Menu

usefulness of binning a large set into spatially related sets to speed up clipping

Jan
2019-11-01
2019-11-07
  • Jan

    Jan - 2019-11-01

    I have quite large polygon datasets, order of 1e6 polys which can be clipped in one go, but then take (too much) time. Multicoring is possible, but does not help out enough, even with 16 threads on a Ryzen 2700X.

    Working with large numbers the expected N2 complexity would have to be - clipped - not to say reduced.
    Is this assumption of mine correct?

    My reason for believing that a serious speedup for large datasets is possible, comes from running the desired dissolves on Qgis, but more to the point, arcgis in the latest versions (pro: 2.4.2, desktop 10.7.1).

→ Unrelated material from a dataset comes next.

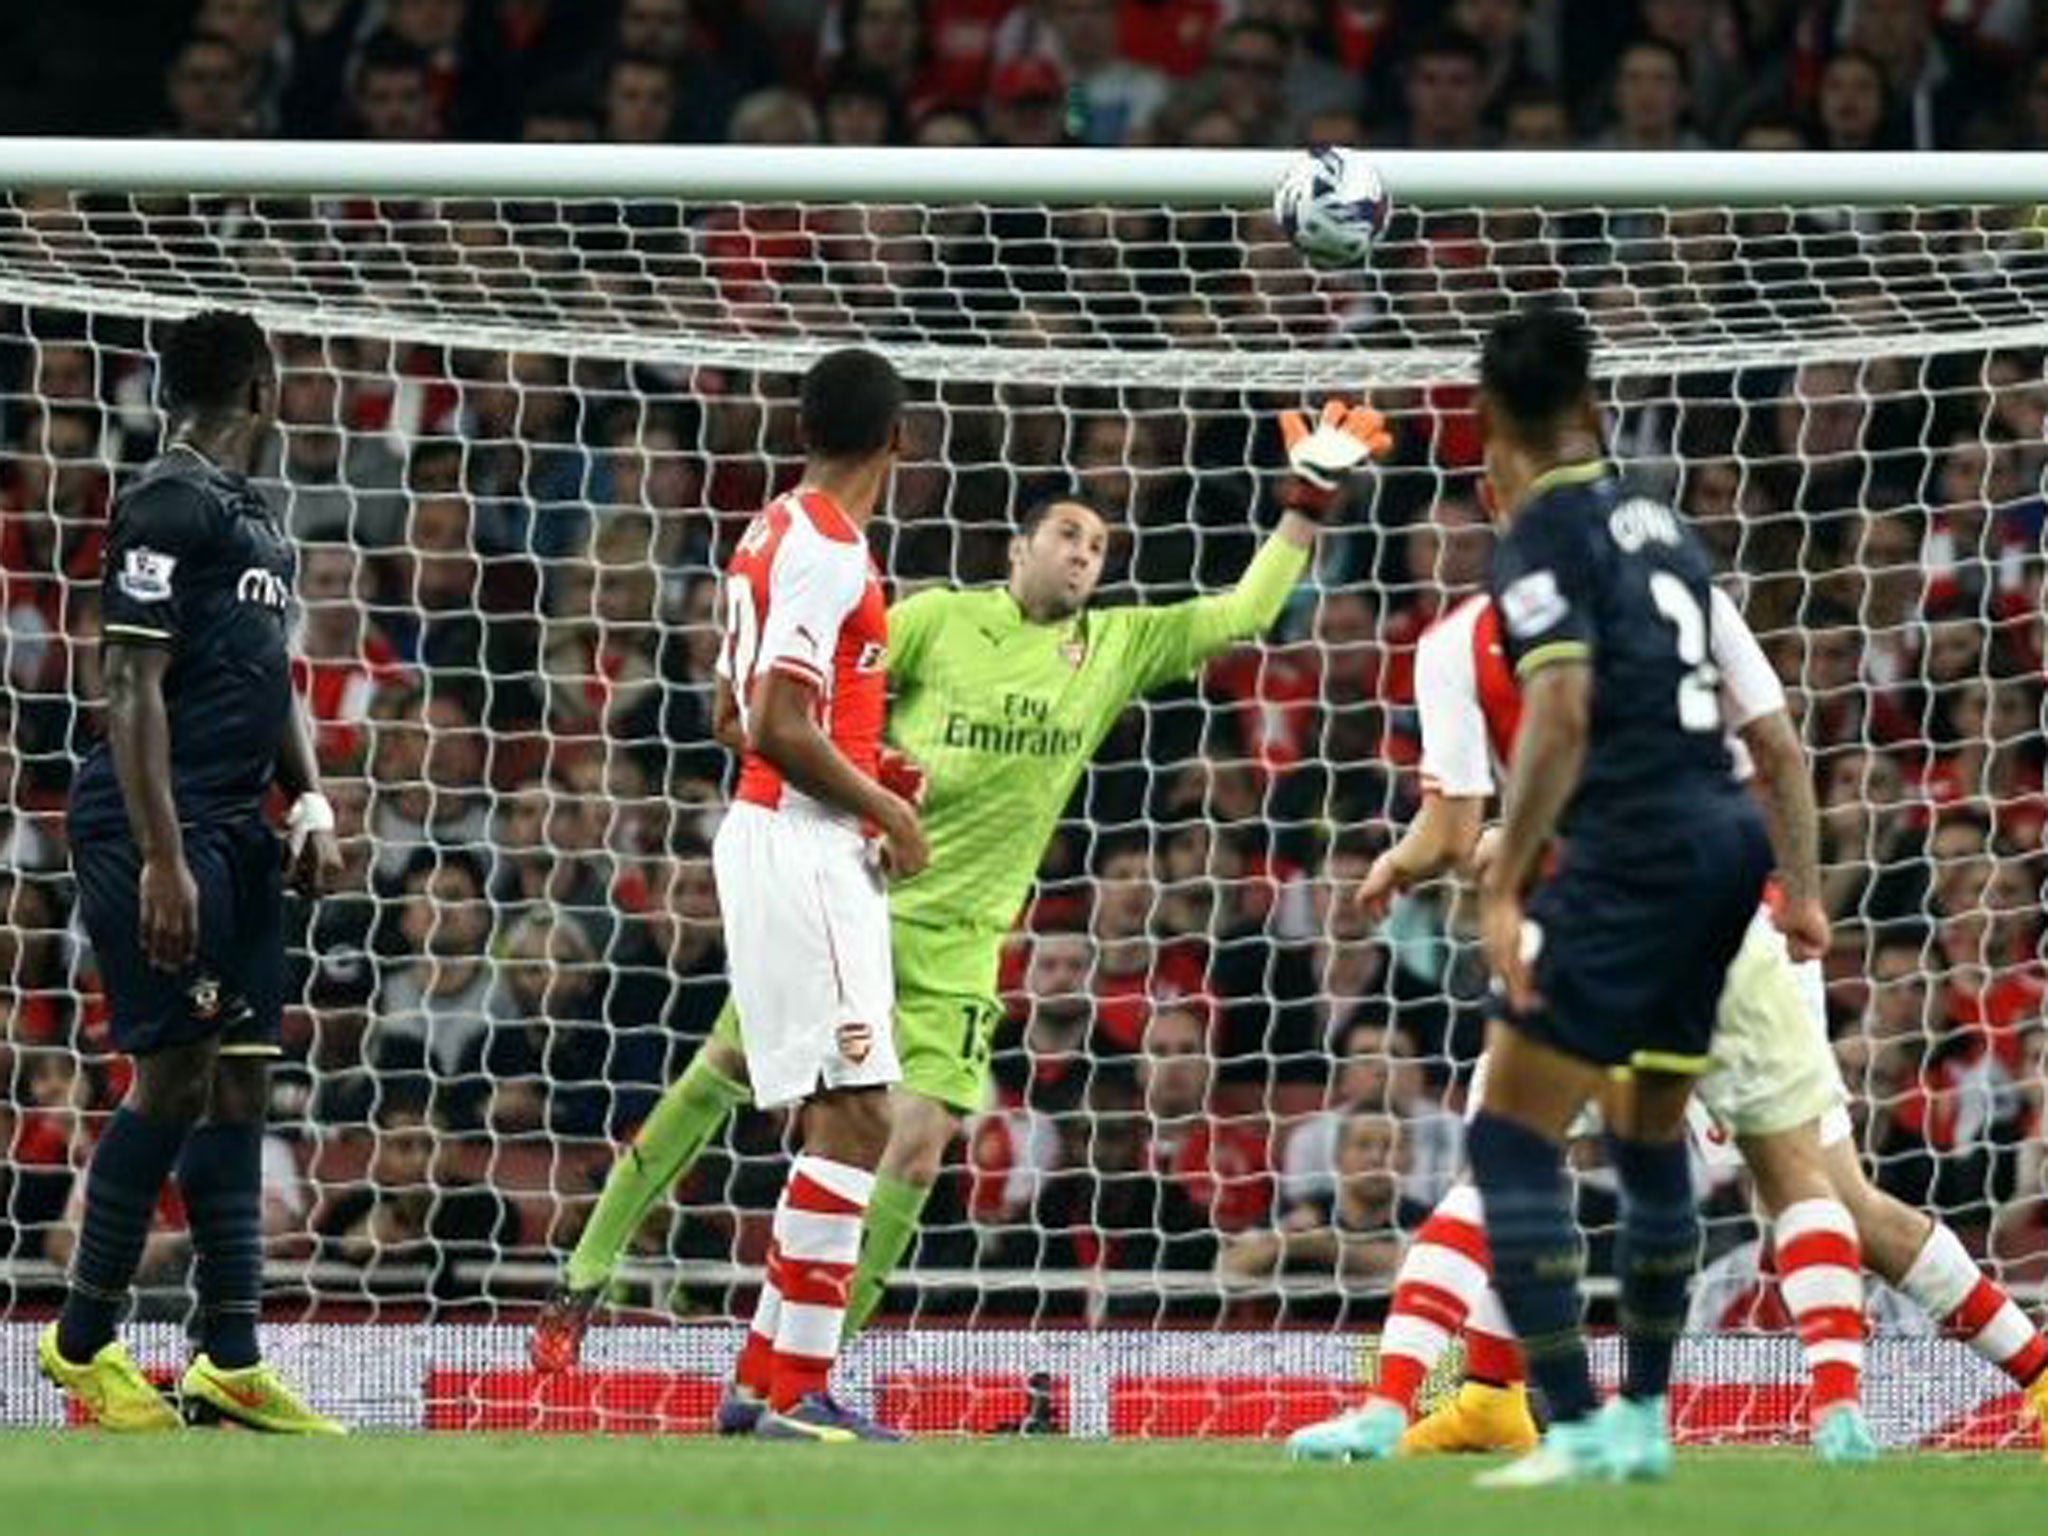 Nathaniel Clyne (No 2) drives home his side's second goal past Arsenal’s David Ospina at the Emirates

The latter are one, if not two orders of magnitude faster than what I did using the clipper library simply dumping all the rings as path. After quite a bit of work, I felt, well, silly.

    If my idea about binning/two steps approach is correct, the basic approach could be to use a spatial index to group subsets, clip these and subsequently test for overlaps to do the second round, while leaving the non-overlapping well alone.
    I've not quite thought this out and wonder if someone has, and/or more people have this need.
    When filling the path, binning could be done without the need of a spatial index, through a service to be provided by the library perhaps.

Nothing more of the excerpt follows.